EAPG or the Enhanced Ambulatory Patient Grouping is among the models focused on transitioning fee for service to a value based payment. Over 25% of the state Medicaid programs in addition to several commercial payers have adopted the EAPG outpatient prospective payment system. 3M developed the methodology to provide greater uniformity in payments across multiple diverse outpatient areas and designed to represent all patients, not just Medicare.
There are 8 EAPG types that are assigned to each claim line to classify the services in a visit. The classification or logic is based on the presence of an APG (ambulatory procedure group), diagnosis codes, clinical signs and symptoms, and other ancillary tests. This form of classification is more complex and includes clinical variables within the visit than the traditional APC (ambulatory payment classification) system used by Medicare.
EAPG Types
Significant procedure, therapies, test
Ancillary services
Incidental procedures
Medical Visits
Drugs
Durable Medical Equipment
Per Diem
Unassigned
Once the EAPG is assigned it will pass through grouper functions that may apply pricing types including: full payment, consolidation, packaging, discounting or per diem to each individual line. Consolidation occurs when 2 or more significant procedures or clinically similar procedures are billed and only the primary or EAPG with highest weight receives full payment. Packaging occurs when ancillary services are used and considered to be part of the procedure, and discounting is payment receiving less than full payment.
Each state Medicaid program or insurer that utilizes the EAPG methodology will develop the organization’s base rate and may have some variances in how they determine what is consolidated, packaged or discounted. Base rates may be determined based on cost to charge ratio or have other formulas based on regional variation. Final payment then applies the following formula: base rate x EAPG weight x policy adjuster (e.g. modifiers) x discount factor = payment. Base rates and relative EAPG are typically published on Medicaid portals; however, crosswalks of HCPC to EAPG are not publicly available and should be sourced through 3M.

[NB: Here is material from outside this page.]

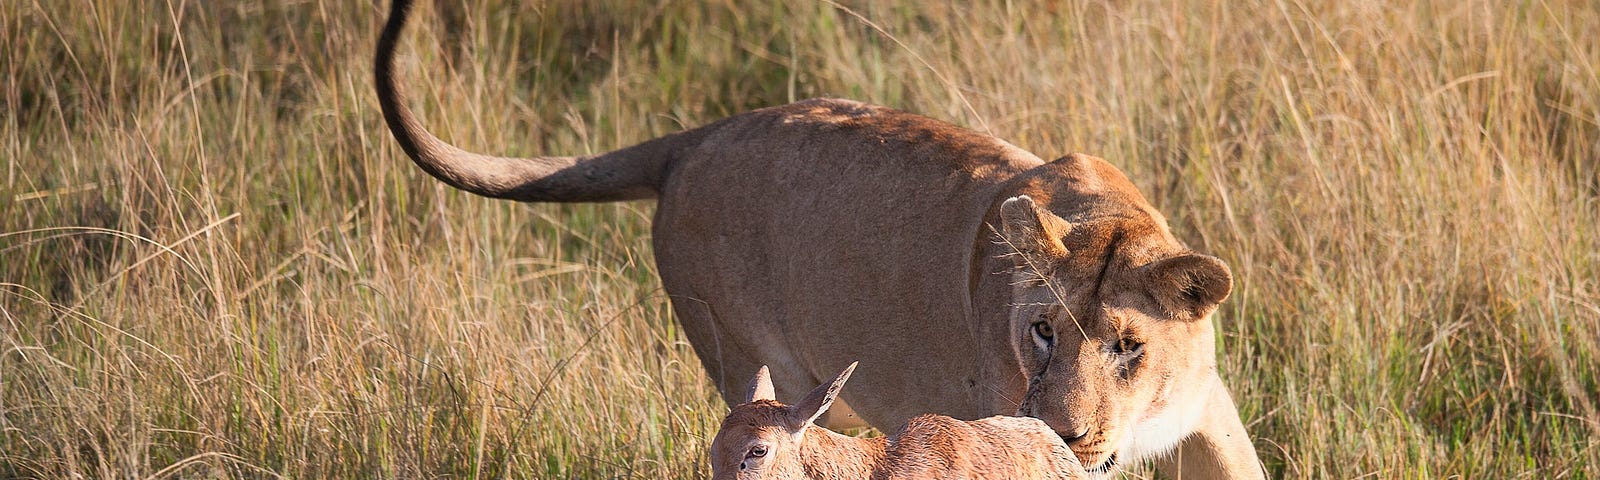 Lion hunting an antelope — a metaphor for meetings killing a company

Shout Outs! Billing and revenue integrity teams should take some time and training to understand the implications of billing. Application and acceptance of modifiers and other billing requirements not addressed in this article may vary from traditional Medicare guidelines.
Revenue cycle and pharmacy teams should monitor payment from programs that utilize an EAPG methodology. High cost drugs entering the market may or may not be built within the EAPG methodology accurately resulting in revenue leakage.